If we as a nation want ex-prisoners to avoid turning back to the criminal lifestyle, we need to remove the barriers to becoming law-abiding citizens.  Toward this end, there are many steps that must be taken and many avenues that must be cleared.  Many of these measures have to do with restorative justice, where we first punish the rule breaker, then allow him or her back into society and encourage them to succeed.  The problem with not educating the incarcerated is we’ll eventually have to release them from prison.  When this happens, the prisoners come out worse off than when they went in, thus leaving us, and our communities, vulnerable to more crime.  In effect, we’re allowing more citizens to be victims by not proactively rehabilitating, educating, and training incarcerated rule breakers.

The answer here is simple: educate the incarcerated.  Find ways to employ them in lower-skill jobs which allow for a steady, sustainable lifestyle, while fulfilling basic needs of the American infrastructure through a ready supply of hard workers.  And encourage them to be good stewards of American citizenship.  If they feel as though they are not welcome, they will not be involved in neighborhood activities, the academic lives of their children, or other social groups in which they should involve themselves.  Once they feel welcome — and good in their own skin — they can come out of their shell, contribute to whatever society they might be a part of, and perhaps never return to the criminal lifestyle which leads back to prison.

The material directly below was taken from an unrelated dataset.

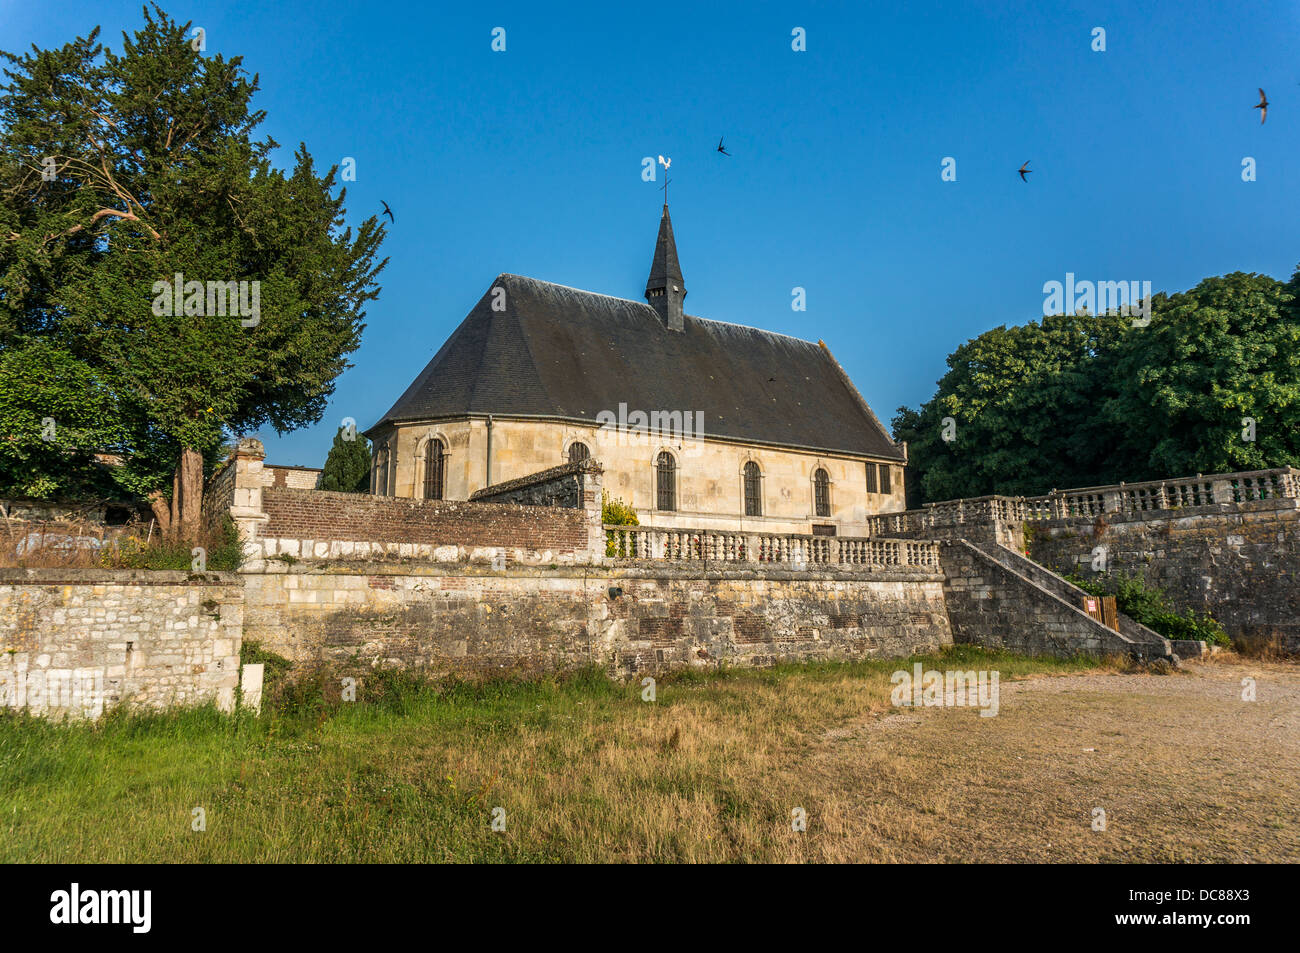 Vecchia chiesa accanto al fiume, La Mailleraye-sur-Seine, dipartimento Seine-Maritime, Haute-Normandie regione nel nord della Francia. Foto Stock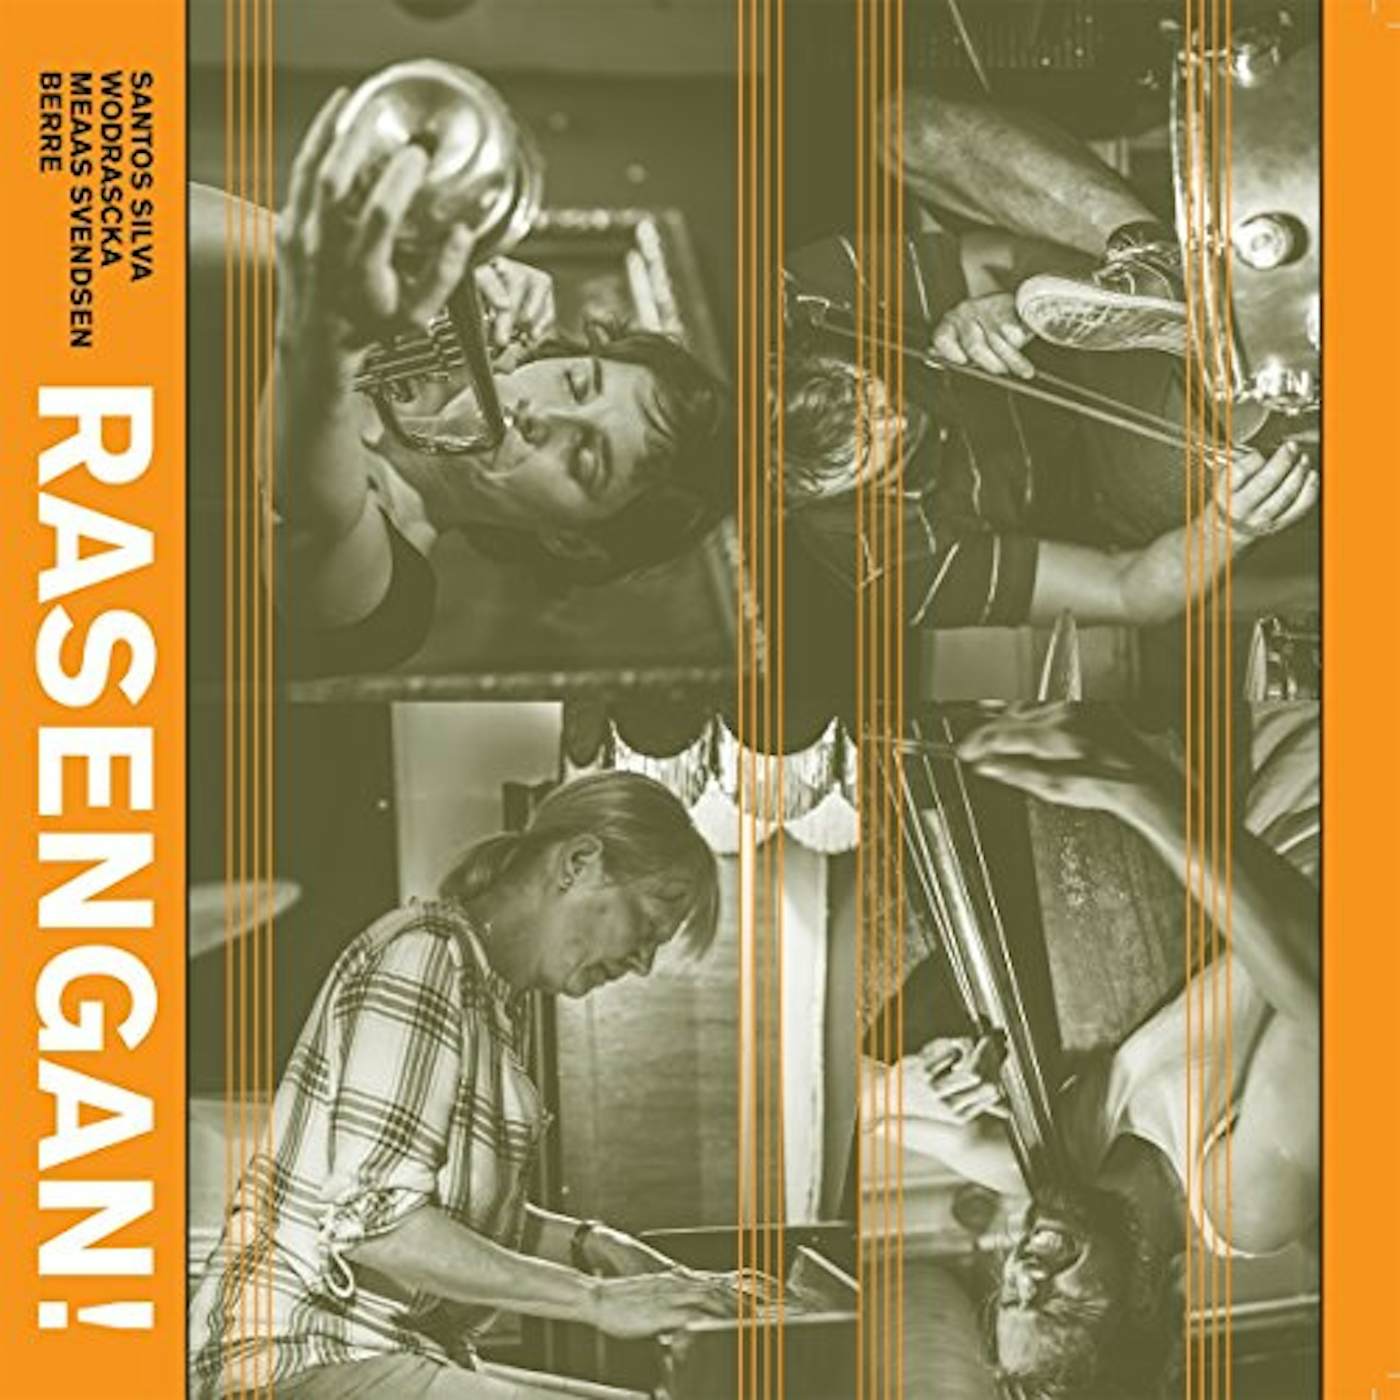 Santos Silva / Rasengan RASENGAN CD

Resocialization Through Prison Education

Prisoners need to be re-socialized through education so that upon their release they’re no longer a threat to society.  When we stop punishing them and allow them to succeed, they’ll be able to get out and stay out.  They’ll become an asset to the communities to which they return.  After a period of time and re-socialization through education, the number of recidivists will dwindle until our system starts showing net gains, not losses.  Only then will the never-ending cycle of crime be broken.  Then, we as a nation can save the tens of billions of dollars we spend on corrections every year and finally put an end to the steadily increasing cost of victimization.